Information about geometric shape is provided by binocular vision, as well as by cues such as texture, shading, cast and received shadows, and highlights [29, 96, 128, 129, 274]. Wanger [250] has used texture mapping and cast shadows to explore the importance of these and other cues to positioning tasks in computer graphics applications. Synthesized images are valuable in investigating shape and positioning cues because they allow controlled experiments in which image features are isolated. For similar reasons, image synthesis is useful in testing algorithms and devices for machine vision. The machine vision field has relied mainly on edge finding algorithms for object recognition, but researchers have also investigated “shape from shading” techniques [128].

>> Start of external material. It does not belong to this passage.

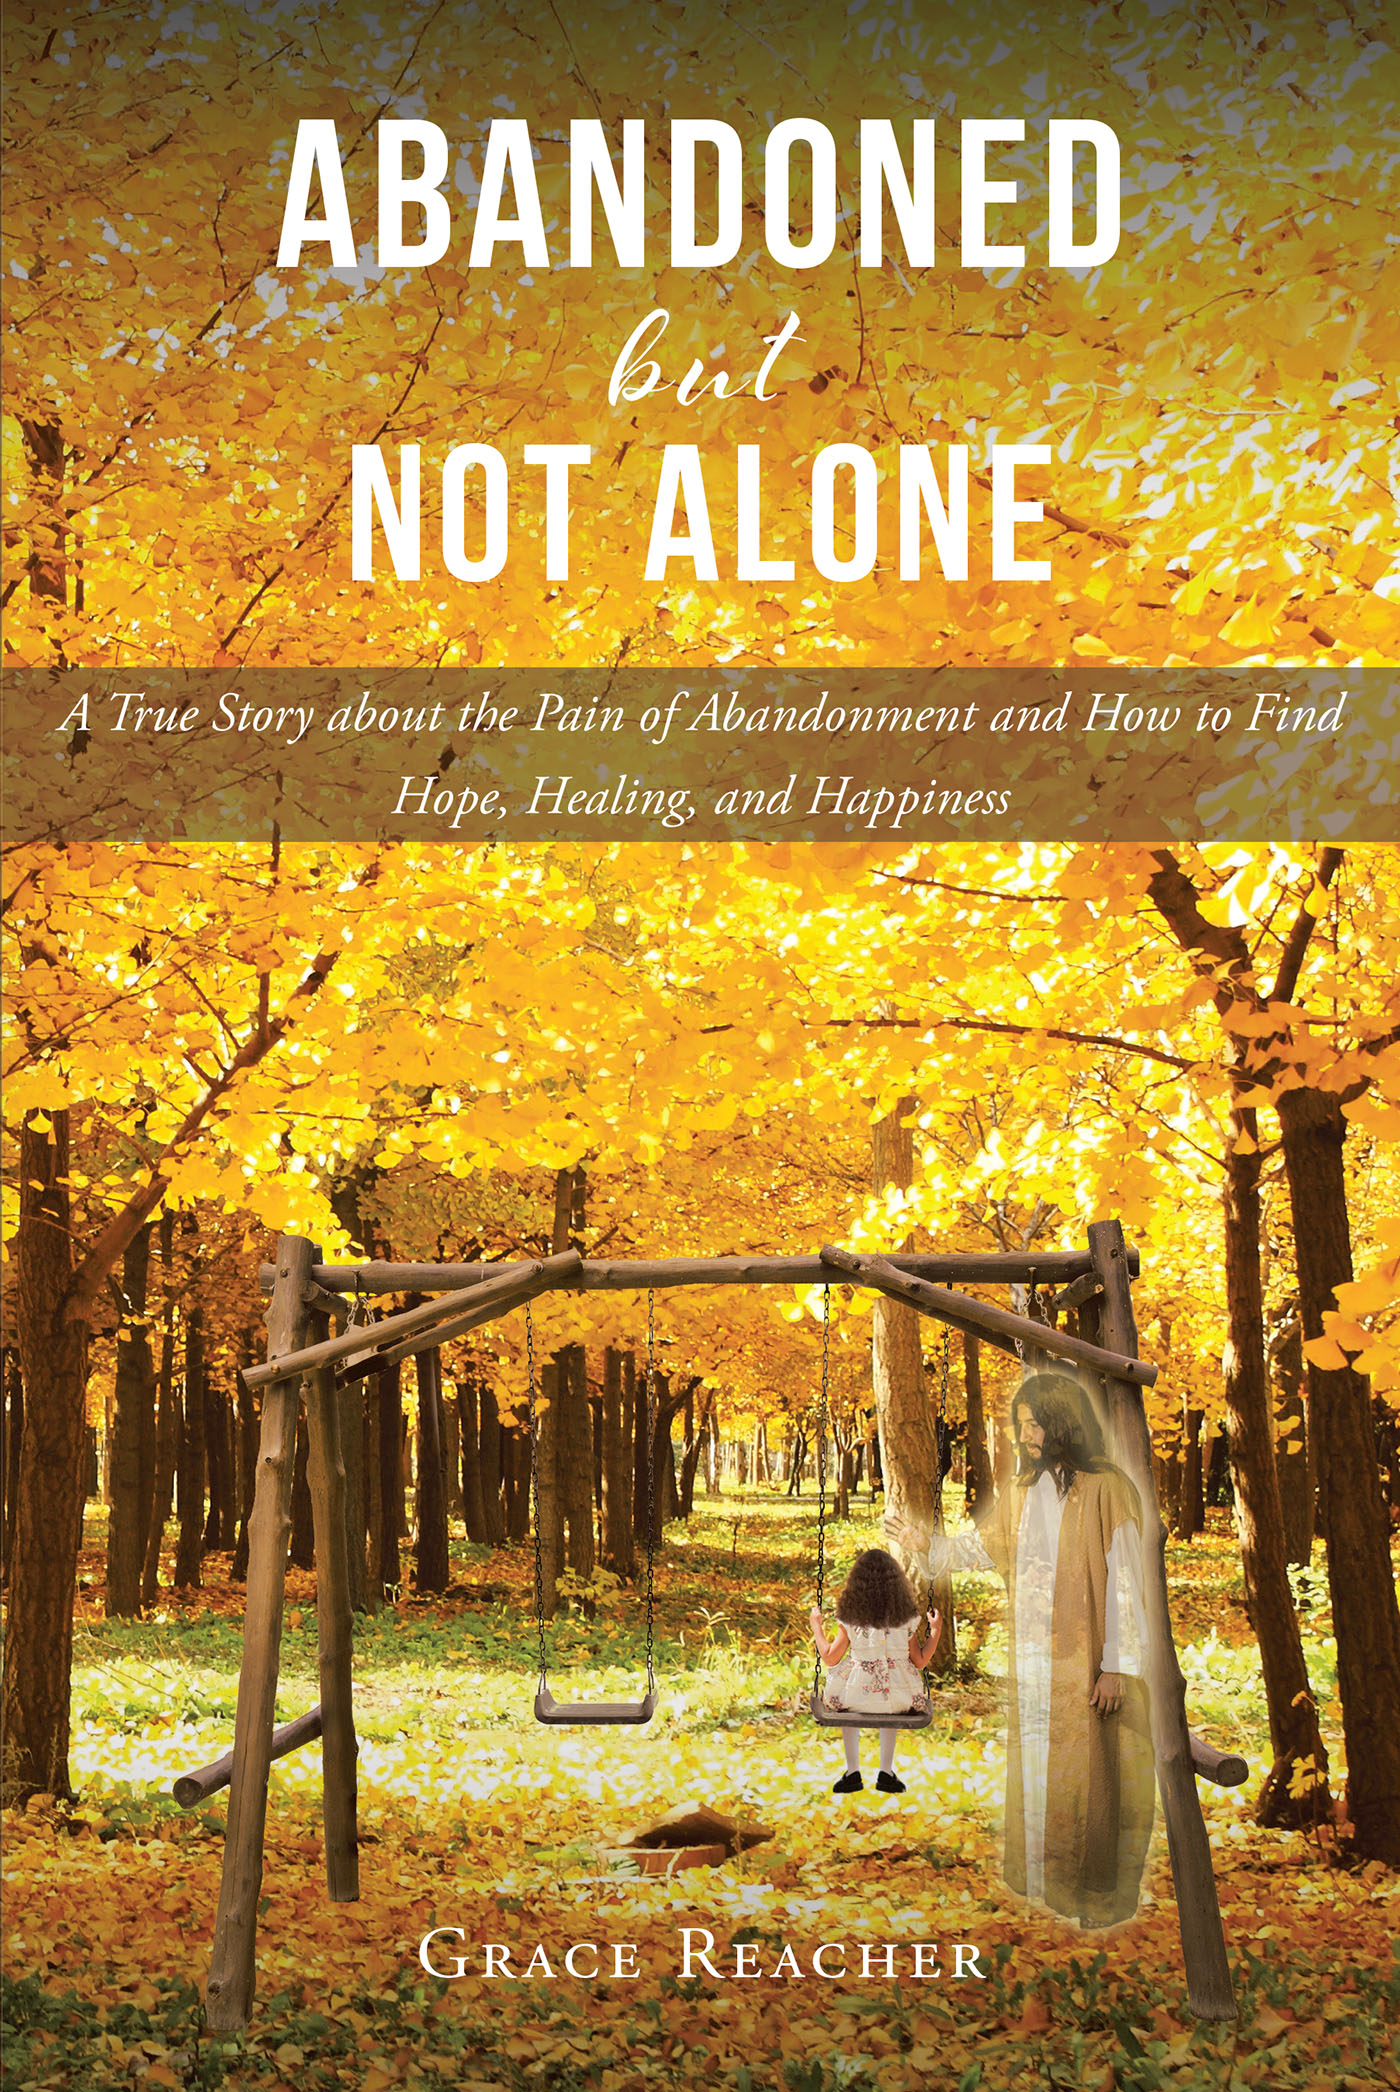 Author Grace Reacher’s Newly Released "Abandoned but Not Alone" Reveals How the Author's World Fell Apart and How She Pieced It Back Together Through Her Faith

Although there is some understanding of how direct illumination provides shape information, illumination due to interreflected light complicates the problem [179]. Forsyth and Zisserman [85] have explored the applicability of the radiosity equation as a model of global illumination for shape perception. They argue that discontinuities in the radiance function, caused by shadows or surface creases, provide stronger shape cues than the smooth variation of the function due to surface curvature. The availability of discontinuity meshing may provide a means to investigate this possibility. Parker et al. [178] have developed radiosity code specifically for experimentation in shape understanding.

11.1.5 Infrared Signature Analysis

The goal of infrared signature analysis is the recognition of vehicles or other objects by their characteristic appearance or signature in images produced by infrared imaging systems. Computer simulation provides a valuable way to generate these signatures. An example of a simulated infrared image is shown in Figure 11.6.

An infrared sensor detects radiance leaving an object due to emission and reflection. Infrared imaging requires a complete heat transfer model incorporating the processes of convection, conduction, and radiative transfer (with shadowing) for ideal diffuse and specular BRDFs. Heat sources include engines, exhaust, solar illumination, and sky illumination.

Many of these requirements are outside of the concerns of normal image synthesis. However, the radiative transfer component can benefit from algorithms developed for radiosity as applied to image synthesis, particularly algorithms for computing form factors. For example, the hemicube algorithm has been used by Johnson et al. [133] for this application.